→ **DATA EXCERPT**:
- Opening Delimiter -
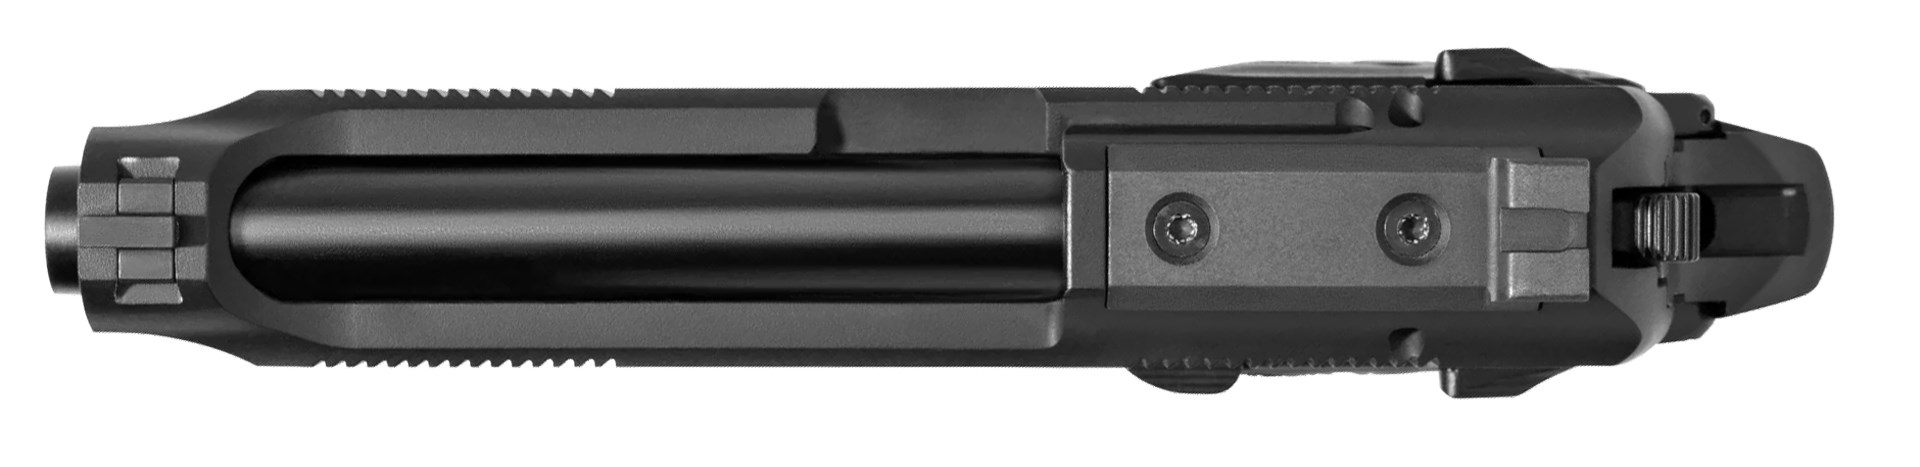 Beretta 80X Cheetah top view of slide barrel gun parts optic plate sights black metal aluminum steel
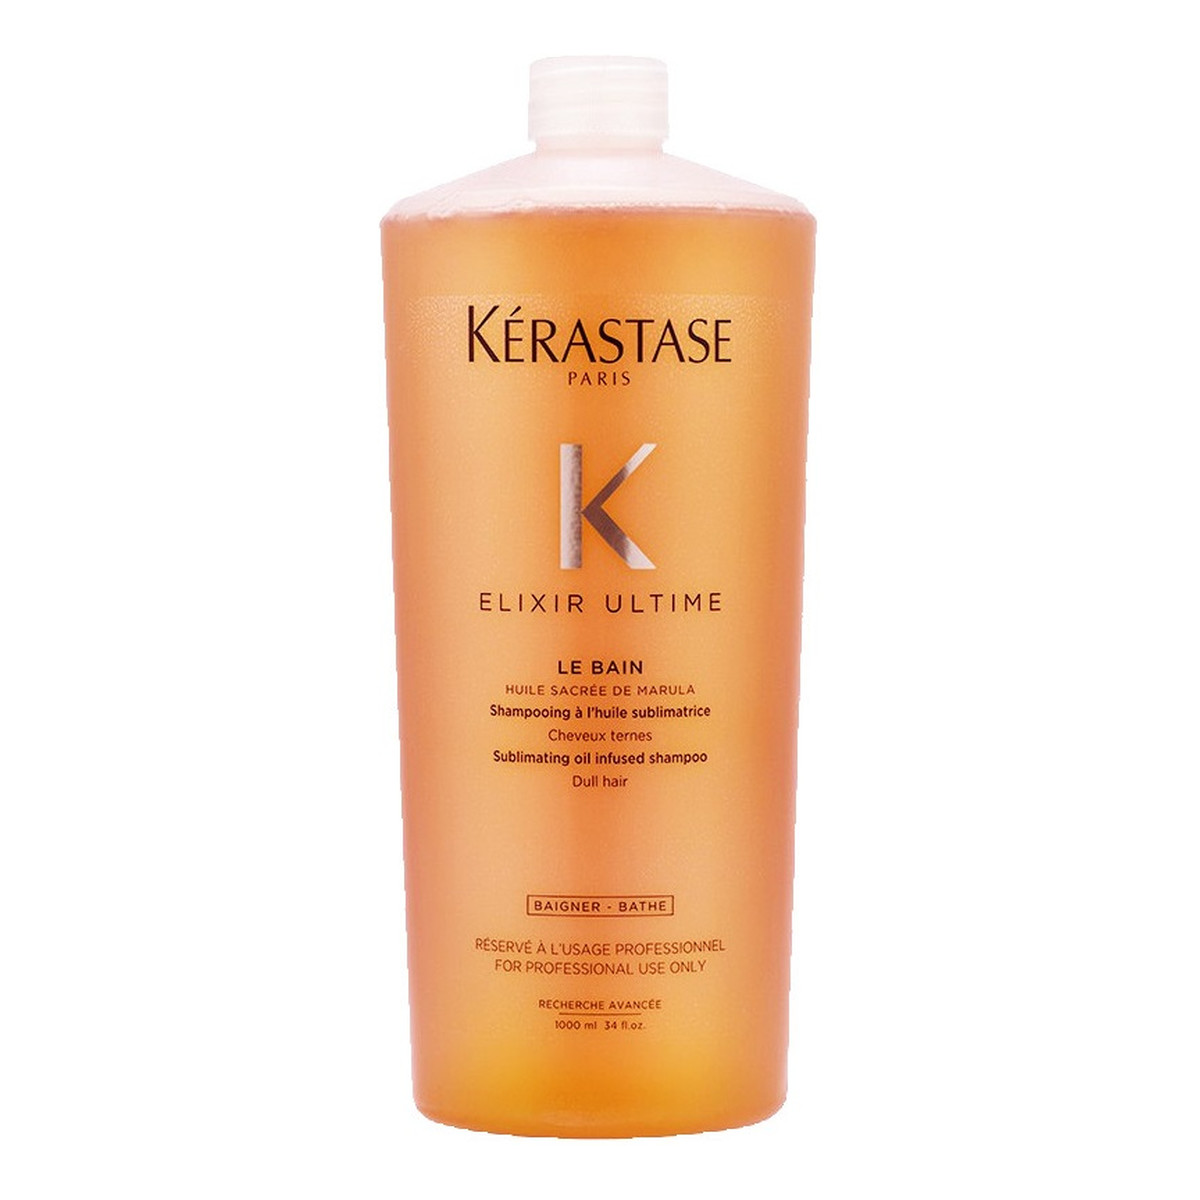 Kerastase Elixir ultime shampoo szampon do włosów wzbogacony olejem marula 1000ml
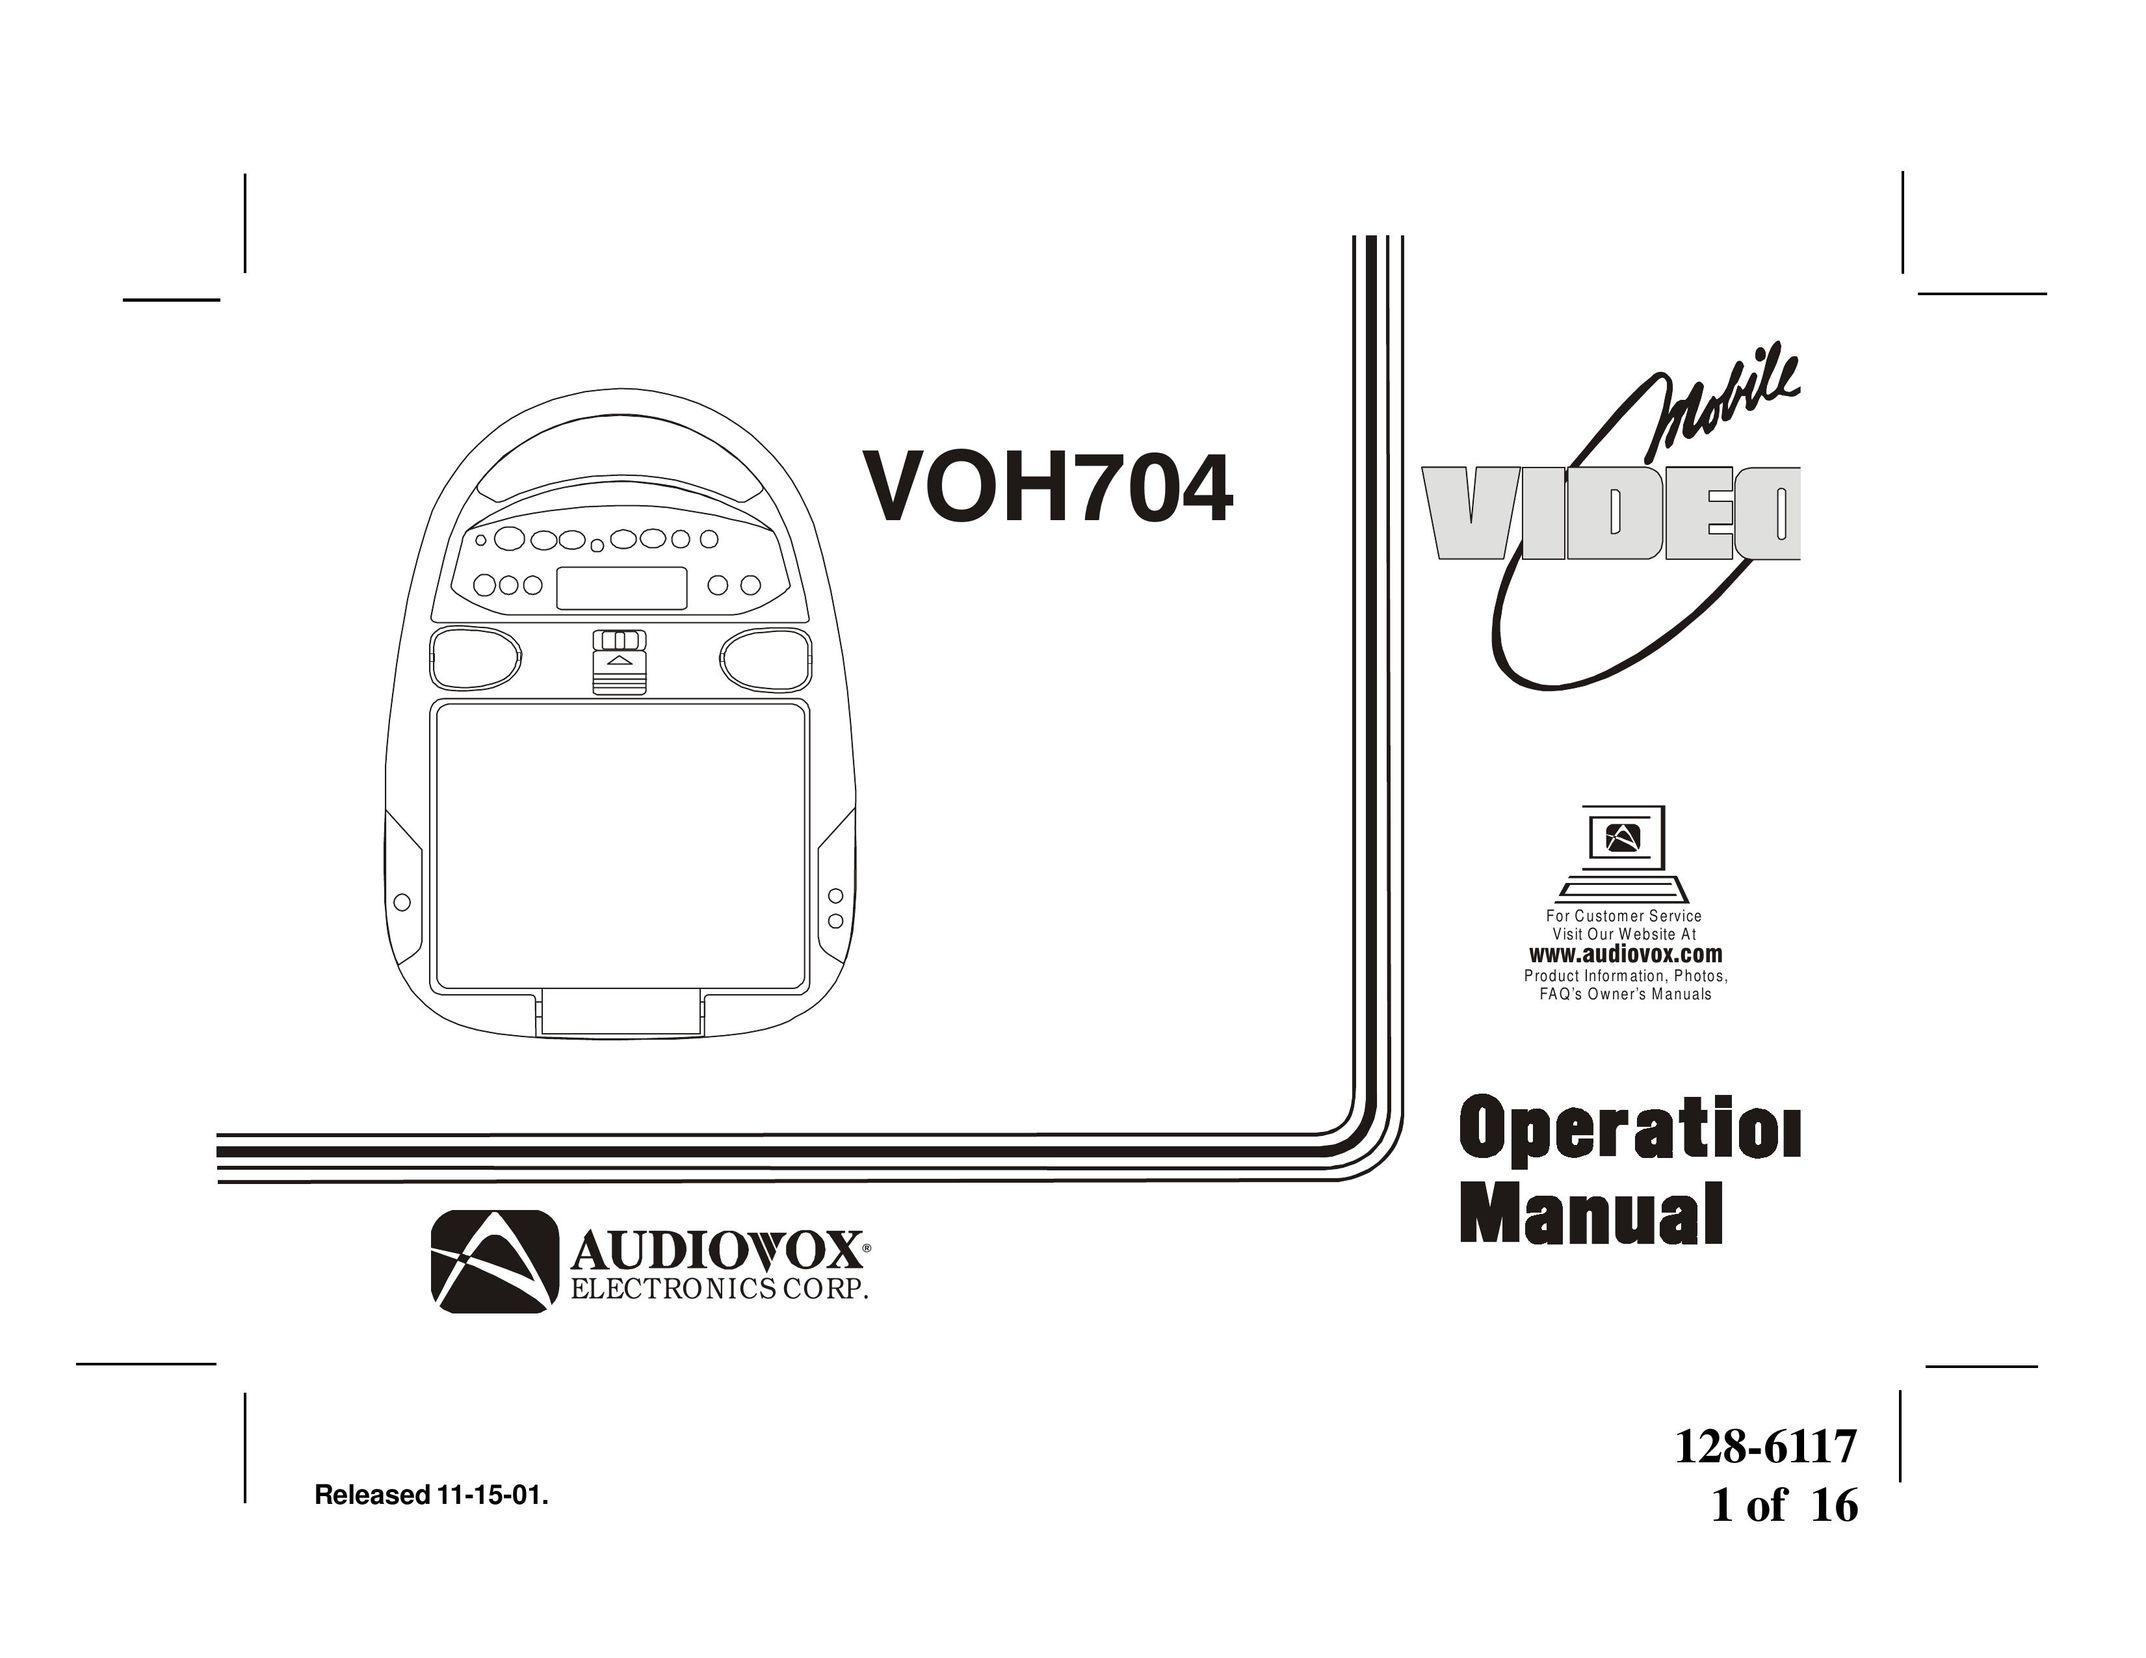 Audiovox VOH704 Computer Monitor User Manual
- Closing Delimiter -
→ **PROBLEM**: Restate the data above exactly, stripping out each image.

→ **PROBLEM SOLUTION**:
 Beretta 80X Cheetah top view of slide barrel gun parts optic plate sights black metal aluminum steel
 Kerastase Elixir ultime shampoo szampon do włosów wzbogacony olejem marula 1000ml
 Audiovox VOH704 Computer Monitor User Manual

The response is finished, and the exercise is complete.